I really love Argentine Tango. It's right up there with Aikido, yoga, ultimate frisbee and basketball in my pantheon of most loved physical activities. I felt an immediate affinity for it right from the start. Several friends have been avid tangoers, and one recommended it to me when I expressed interest in learning to dance. I shyly started with some free lessons, and eventually moved on to regular weekly classes. I felt that I had finally found a dance that I was really comfortable with, and the emphasis on movement originating from the core rather than the limbs was a very familiar concept from my Aikido instruction. I developed a great rapport with one of the teachers, and she always made me even more excited about how beautiful and expressive tango can be, even for an often clumsy clod such as myself.

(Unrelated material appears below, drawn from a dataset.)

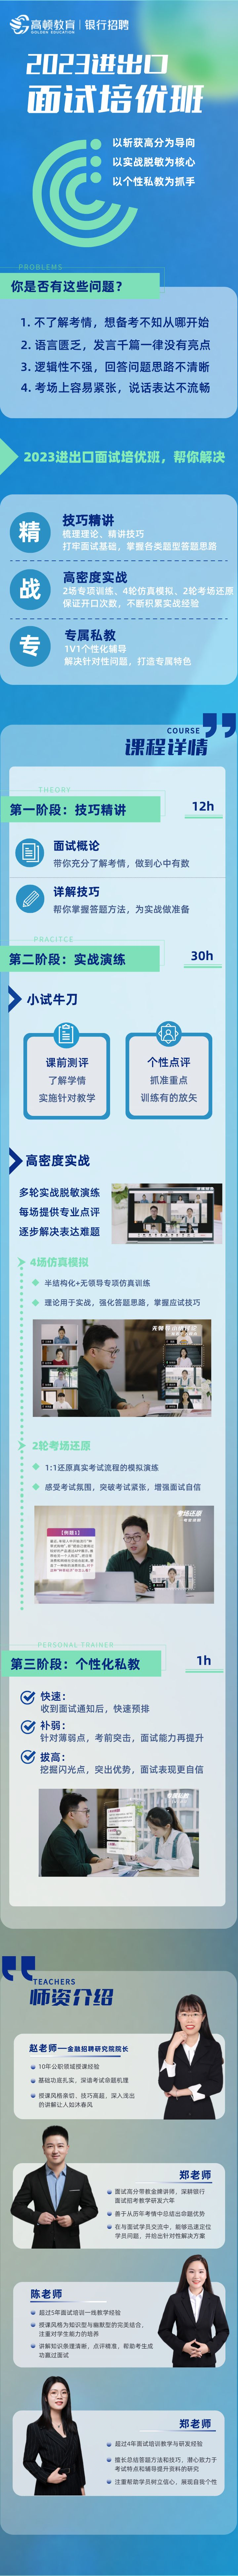 https://simg01.gaodunwangxiao.com/uploadfiles/product-center/202211/09/e1f14_20221109183816.png
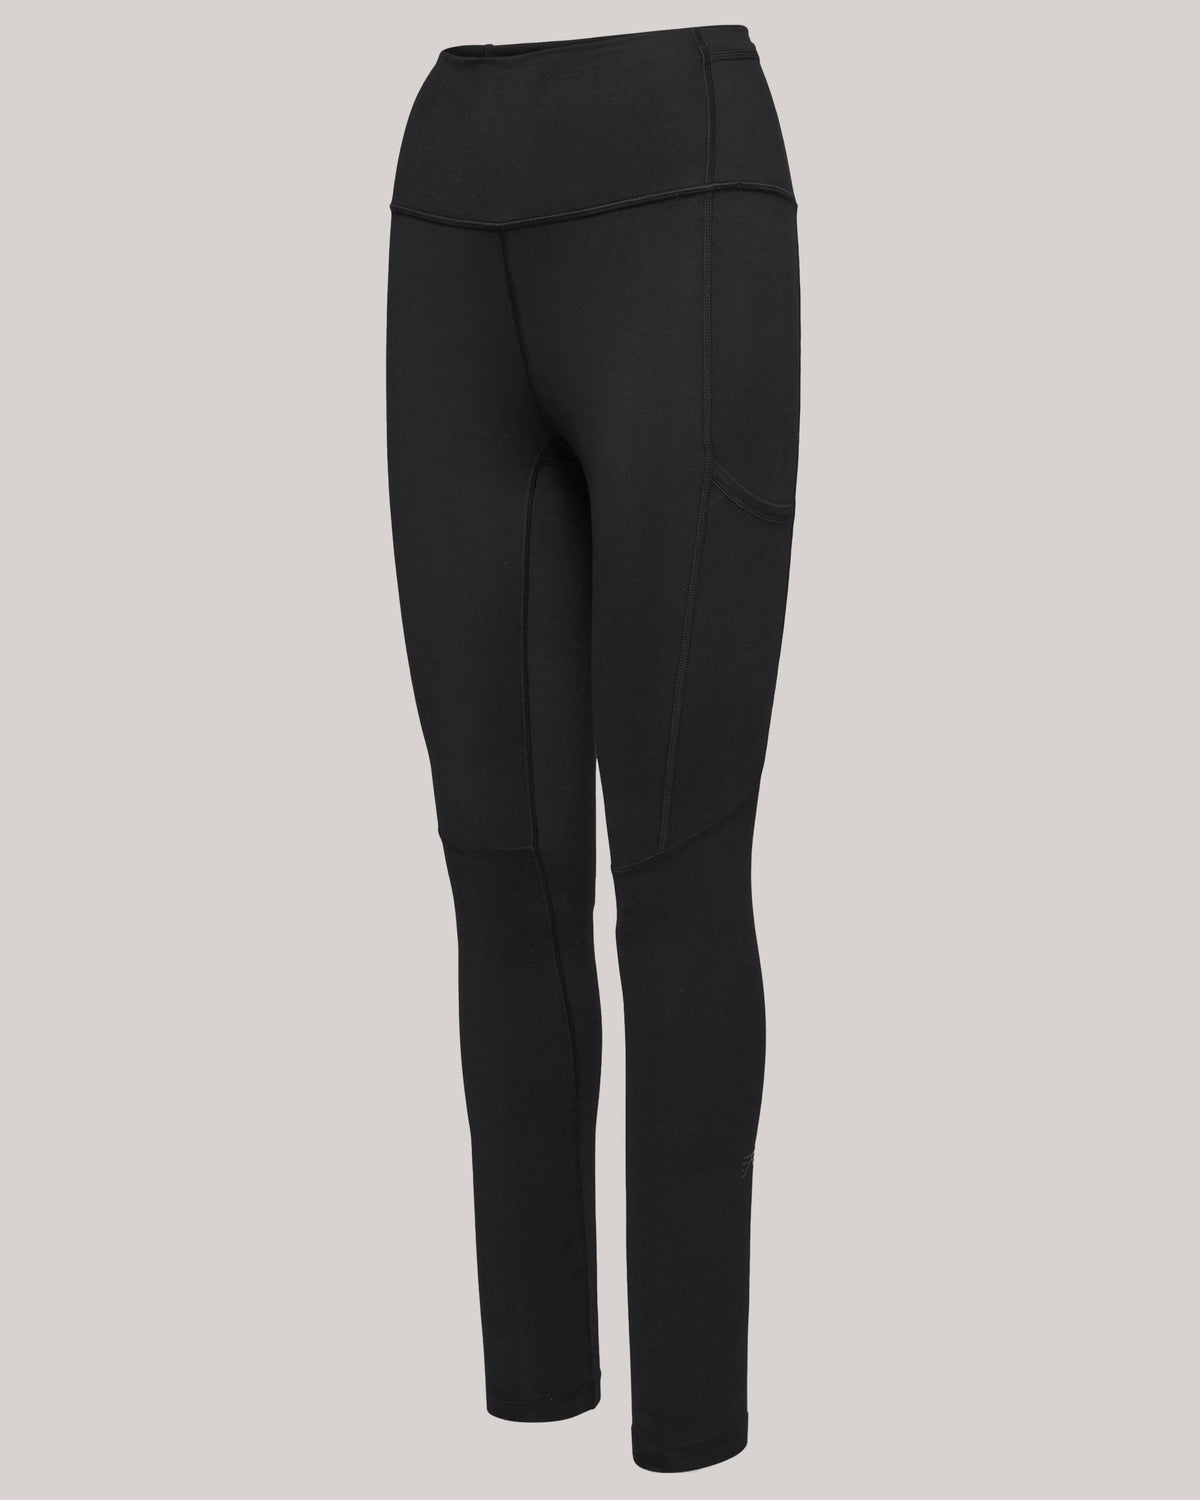 Elastic leggings with pocket in grey, 11.99€

At some point, though, I ended up hitting a wall in my progress. Without much warning, I had a sort of mental sea change, and the instruction seemed tiresome and frustrating instead of interesting and liberating. My mind became closed, I became tense and self-conscious, and it just stopped being fun. As far as tango was concerned, I reverted to an old mode from my past in which I succumbed to feelings that I had no business trying something like this. I became overwhelmed by difficulties my mind exaggerated or altogether made up. It wasn't long before I quit going. That was about a year and a half ago. From time to time, I considered going back, but for some reason felt as though I couldn't go just sometimes; I had to go sign up for lessons again and go regularly. So that was nice and convenient; I knew I would convince myself that I don't have time to go regularly, and from there it's an easy jump to, "You don't have to do that." So, yeah.
This is ridiculous. I love tango. There's no genuine reason I shouldn't be going, even just sometimes. Plus, a few years ago I promised myself I would really learn to dance, and I loved tango so much I decided that had to be it. All I had to do was occasionally -- ya know -- go dancing, and at least I'd be better than I am today. I obviously dropped that particular ball.
It's definitely time to pick up that ball, to re-inflate it, slather the SPF-30 on my pasty limbs and torso, and take that ball back out to the beach. Or maybe the bleachers at McCoy stadium -- coincidentally just around the corner from Providence Tango.
Yeah, sorry; that last bit was ridiculous. I think the warm weather has me dreaming some Summery thoughts of beaches and baseball stadiums.
Sorry Excuses: "I don't want to go." (Yeah, right.) "I would have to go all the time, and I don't have time to do that."
Verdict: scared and bad attitude
Prognosis: Very good. I can take the whole intro series over again at no charge, and there plenty of nights when I don't have much to do.